Vamos a empezar analizando las posibilidades que se pueden poner en marcha desde uno de los sectores que más emisiones de gases de efecto invernadero (GEI) produce. Nos referimos al sector energético, siempre controvertido y sujeto a grandes intereses corporativos y políticos.

Una de las primeras medidas sería establecer calendarios para el cierre de las centrales eléctricas que emplean combustibles fósiles para la generación de electricidad. De esta manera se prescindiría del carbón con un horizonte cierto y cercano.

Quizás en el sector residencial sean necesarios otros plazos para usos como el Agua Caliente Sanitaria (ACS) y la calefacción, en cualquier caso, con un horizonte de desaparición para 2030 o antes. Son necesarios planes específicos para la sustitución y supresión de las calderas de gas, carbón y derivados del petróleo que elimine su instalación en unos pocos años.

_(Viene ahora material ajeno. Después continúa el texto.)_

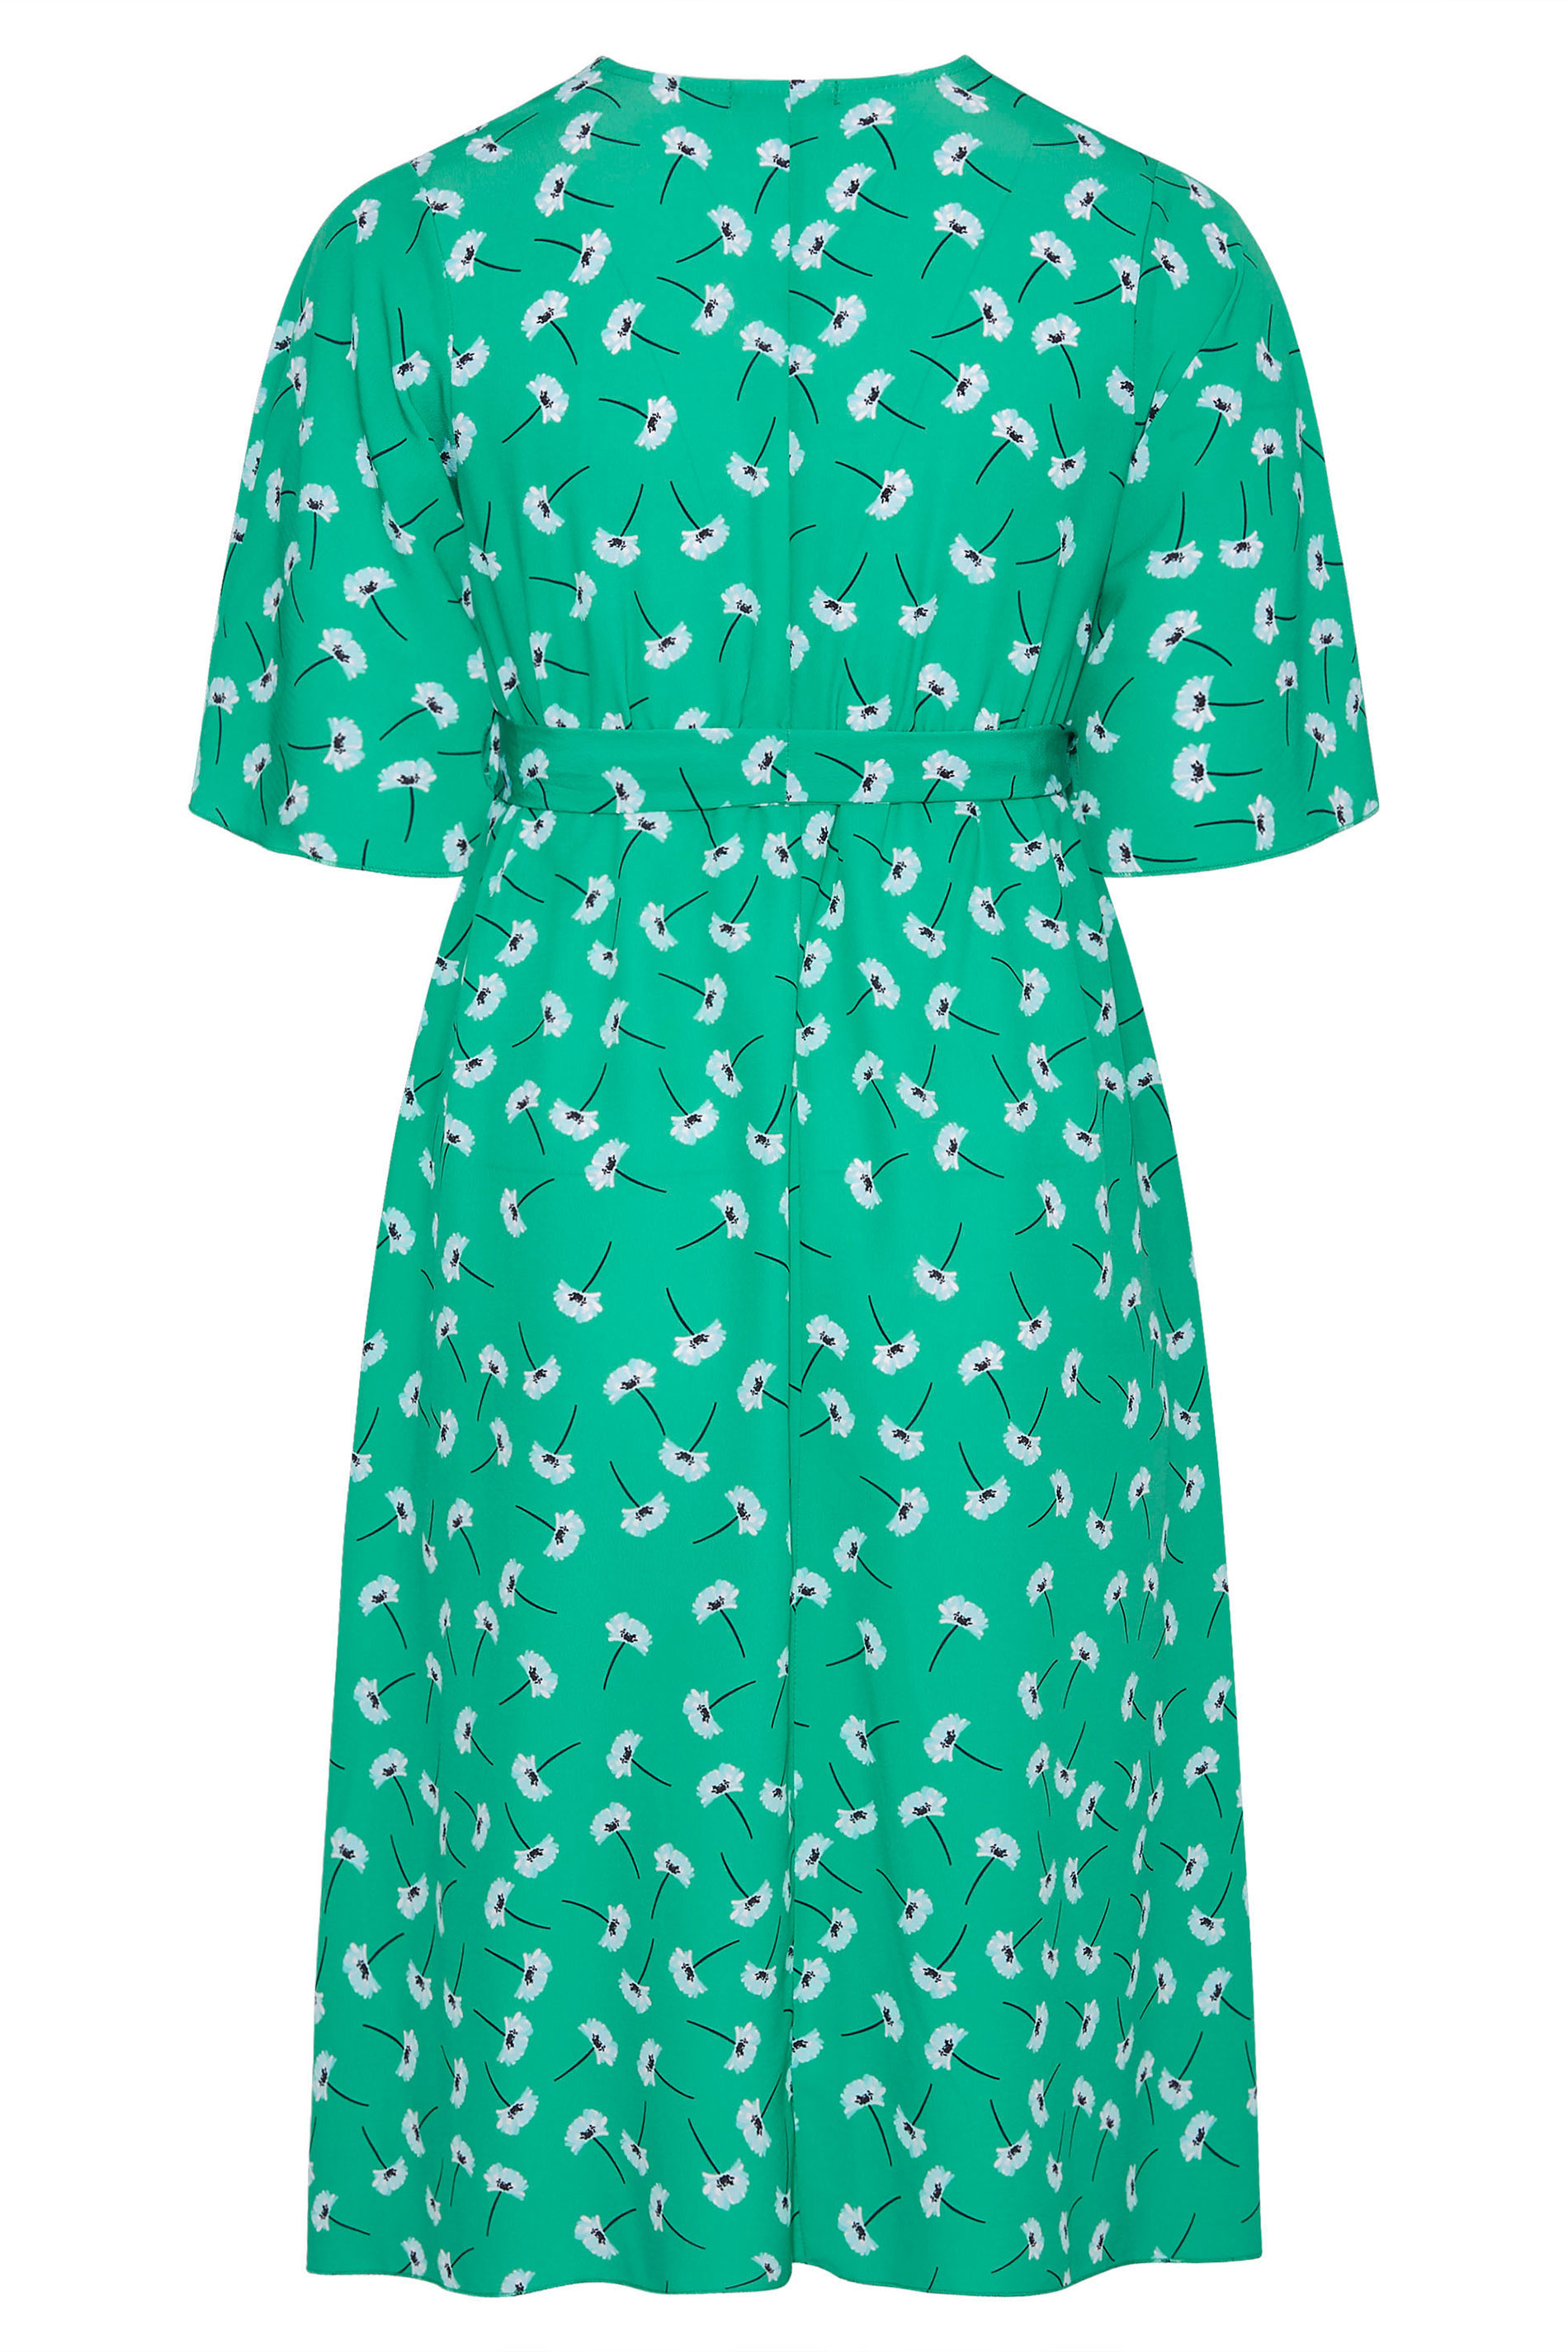 Robes Grande Taille Grande taille  Robes Portefeuilles | YOURS LONDON - Robe Verte Floral Style Portefeuille - NU44321

Aparejada a la primera, la siguiente sería congelar la construcción de centrales nucleares y sustituir paulatinamente las centrales nucleares en funcionamiento por potencia en exclusiva procedente de energías renovables.

Para prescindir de estas infraestructuras es paso necesario que los Estados diseñen, potencien o reactiven sus planes de fomento de las energías renovables, teniendo en cuenta las medios y costes actuales según todas las tecnologías disponibles.

En este desarrollo de las renovables, se debe poner en el centro de la planificación el autoconsumo, el balance neto, la generación distribuida y las redes inteligentes (smart grid), incentivando estas cuestiones y modificando el marco regulatorio para que eliminar las trabas al autoconsumo que frenan su desarrollo en muchos países.

Y es que muchas de estas trabas proceden de la presión de los actuales lobbies energéticos que velan por la oscuridad en el sector. De ahí que sean necesarias auditorías claras de los costes energéticos que sean la base para cambiar el actual sistema de conformación de precios de la energía por otro nuevo e independiente que asegure la democratización de la energía, el derecho al autoconsumo renovable y la incorporación de criterios sostenibles y no siempre únicamente de carácter económico.

Relacionado con el reciente anuncio del Banco Mundial y su negativa a financiar nuevos proyectos basados en combustibles fósiles, es necesario potenciar únicamente inversiones donde intervengan energías renovables y la eficiencia energética, y no incidir en la proliferación de actividades e infraestructuras relacionadas con fuentes no renovables.

Y es que esta inversión también aparece en forma de subsidios encubiertos que cubren las pérdidas por falta de competitividad de industrias como la del carbón, o los pagos por capacidad de las centrales de gas que sostienen en muchos países a parte de estas instalaciones.

También deberán articularse mecanismos para frenar nuevas prospecciones y exploraciones en busca de nuevos yacimientos de combustibles fósiles, incluidas las poco populares técnicas de fractura hidráulica (fracking).

Una opción que debe ser estudiada y potenciada en cada caso es la de la interconexión entre redes, principalmente eléctricas y gasistas, que puede ser una solución para equilibrar consumo y la potencia instalada entre los territorios conectados.

Esto nos llevaría a recalcular el porcentaje de interconexiones previamente a la ejecución de nuevos proyectos, así como una evaluación ambiental estratégica que considere al menos la opción de la no construcción teniendo en cuenta la huella de carbono asociada a todo el ciclo de vida de las instalaciones.

Pero, además, también es necesario planificar la cantidad máxima de combustibles de origen renovable y la biomasa, de acuerdo con la disponibilidad de materia prima que se produce como consecuencia de las labores de conservación y otras actividades sostenibles, teniendo en cuenta la necesaria restitución de la materia orgánica en suelos.

Y es que los objetivos de reducción de emisiones se deberán alcanzar mediante un cambio de modelo energético que combine el uso de fuentes renovables, un incremento de la eficiencia y una reducción de consumo ambiciosa y real.

Solo nos que añadir que esta tan necesaria transición energética tendrá otros impactos positivos como el que se va a producir en el empleo como consecuencia de la incorporación de trabajadores a estos nuevos campos de actividad.